Kanavino Ahmad Rizqo - detikNews
Kamis, 23 Agu 2018 16:46 WIB
Foto: Iswahyudi
Jakarta - Artis Nikita Mirzani kembali melaporkan Sam Aliano ke Polda Metro Jaya. Sam kali ini dipolisikan terkait pernyataannya yang menuding Nikita meminta uang sebesar Rp 5 miliar sebagai syarat bebas status tersangka.

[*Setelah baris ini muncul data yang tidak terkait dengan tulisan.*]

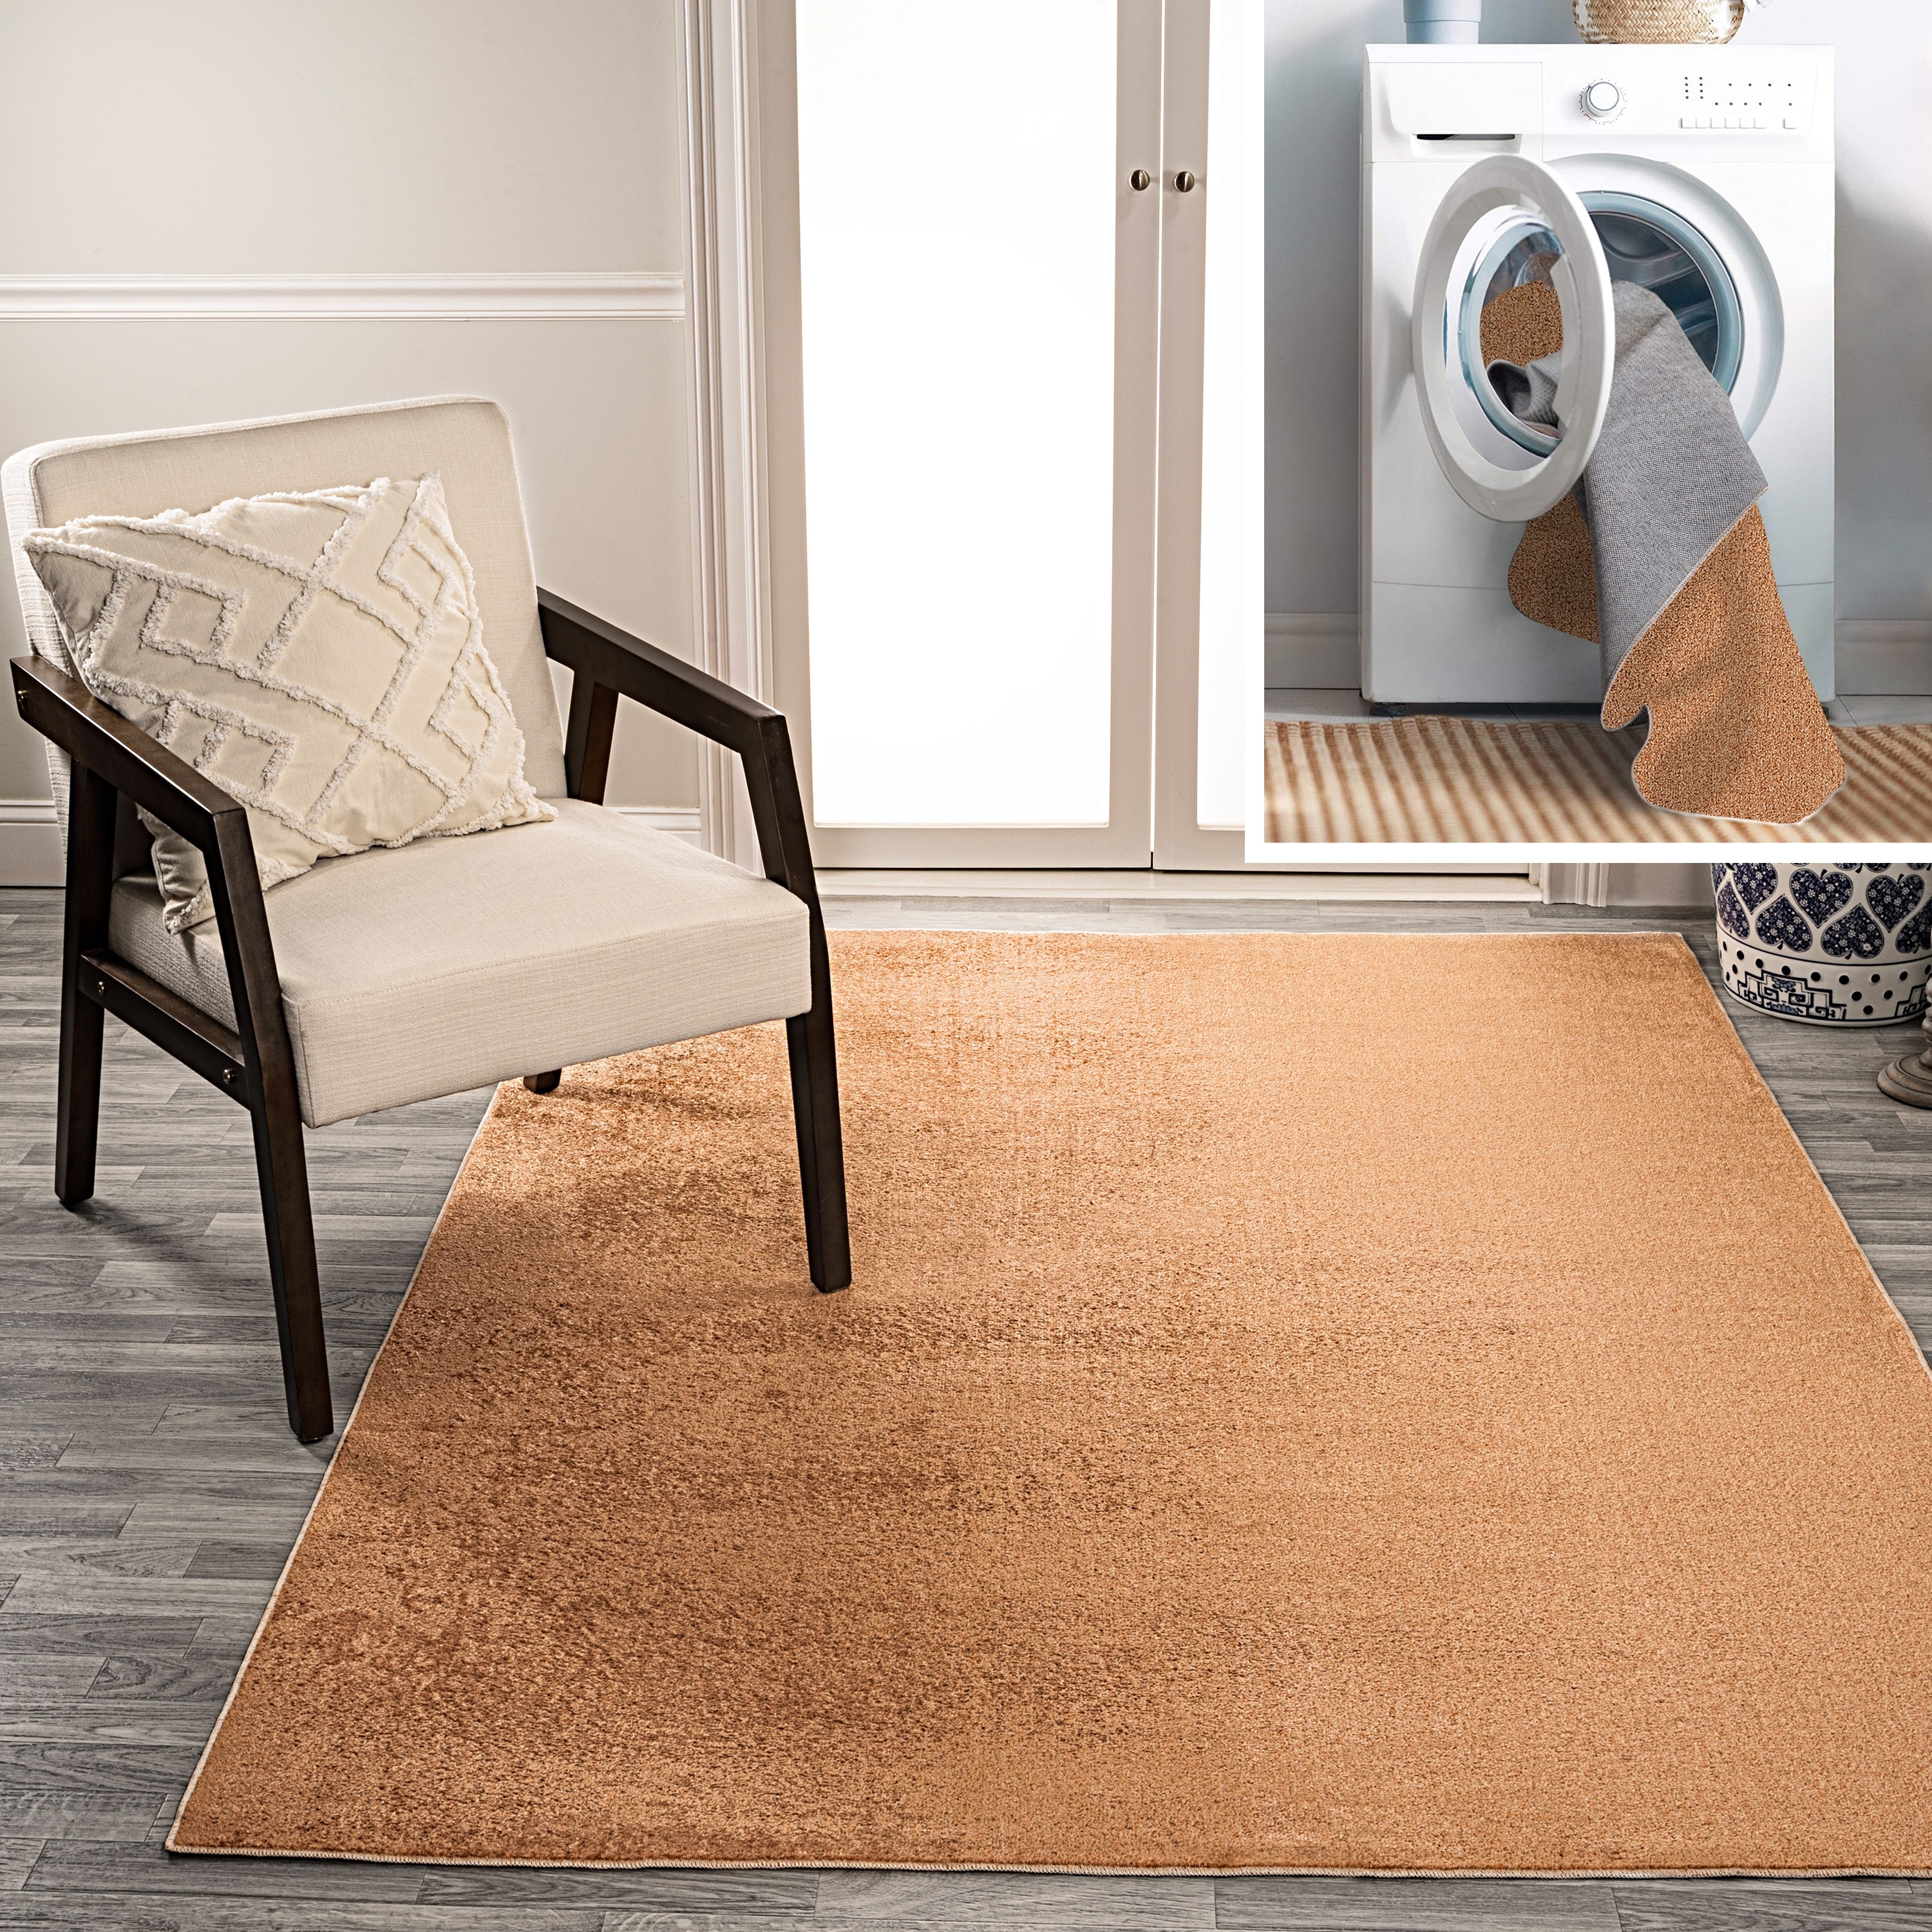 Loni Solid Machine Washable Shag Area Rug  Light grey rug, Shag area rug,  Area rugs

"Hari ini kita baru saja melaporkan Saudara SA yang pada tanggal 20 (Agustus) telah dilakukan pemeriksaan terkait laporan Nikita, dia memberikan statement. Kurang-lebih statement-nya adalah kemarin ada permintaan damai dari Nikita Mirzani bahwa dia (Nikita) ingin tebusan sebesar Rp 5 miliar," kata pengacara Nikita, Aulia Fahmi, kepada wartawan di Mapolda Metro Jaya, Jalan Jenderal Sudirman, Jakarta, Kamis (23/8/2018).

Fahmi menegaskan pernyataan Sam itu sama sekali tidak benar. Menurut dia, Sam telah mencemarkan nama baik Nikita.

"Terkait statement itu saya pastikan bahwasanya kami selaku kuasa hukum maupun Nikita tidak pernah menyatakan meminta uang Rp 5 miliar," tegas dia.

Fahmi juga tak gentar jika Sam ingin melaporkan balik Nikita. Menurut dia, ada peraturan yang melindungi Nikita sebagai korban atau pelapor.


"Silakan saja kalau dia mau melaporkan balik pihak Nikita. Yang pasti, tolong digarisbawahi, dalam UU perlindungan saksi dan korban, pasal 10 itu diatur mengenai bahwasanya pelapor itu tidak dapat dituntut, baik secara pidana maupun perdata. Itu yang perlu digarisbawahi," imbuhnya.

Sementara itu, Nikita berharap kasus ini segera diproses. Kata Nikita, tak ada pintu damai untuk Sam Aliano.

"Kalau sekarang pengennya diproses aja terus. Dan nggak ada lagi pintu perdamaian kayaknya. Habis belum damai aja udah bikin lagi berita yang baru. Jadi kalau Niki pribadi sih kayaknya udah nggak ada perdamaian lagi sih," ujarnya.


Datangi Polda, Nikita Mirzani Kembali Laporkan Sam Aliano, tonton videonya di sini:
[Gambas:Video 20detik]


Laporan Nikita diterima dengan nomor TBL/4453/VIII/2018/PMJ/Dit.Reskrimsus tertanggal 23 Agustus 2018. Perkara yang dilaporkan adalah pencemaran nama baik dan/atau fitnah dan/atau penyebaran berita bohong melalui media elektronik sebagaimana Pasal 27 ayat (3) jo Pasal 45 ayat (3) dan/atau Pasal 14 ayat (1) UU RI No 1946 dan atau UU RI No 19 Tahun 2016 tentang Perubahan atas UU RI No 11 Tahun 2008 tentang ITE dan/atau Pasal 310 KUHP dan/atau Pasal 311 KUHP.

Sebelumnya, Sam Aliano menyebut Nikita Mirzani menawarkan perdamaian dalam kasus cuitan 'hina Panglima TNI'. Dia bahkan menyebut Nikita mengajukan syarat kepadanya jika ingin bebas dari status tersangka.

"Dan satu hal penting, Nikita ingin berdamai dengan cara ada uang tebusan Rp 5 miliar sebagai syarat saya bebas tersangka," ujar Sam Aliano kepada wartawan di Mapolda Metro Jaya, Jakarta, Senin (20/8).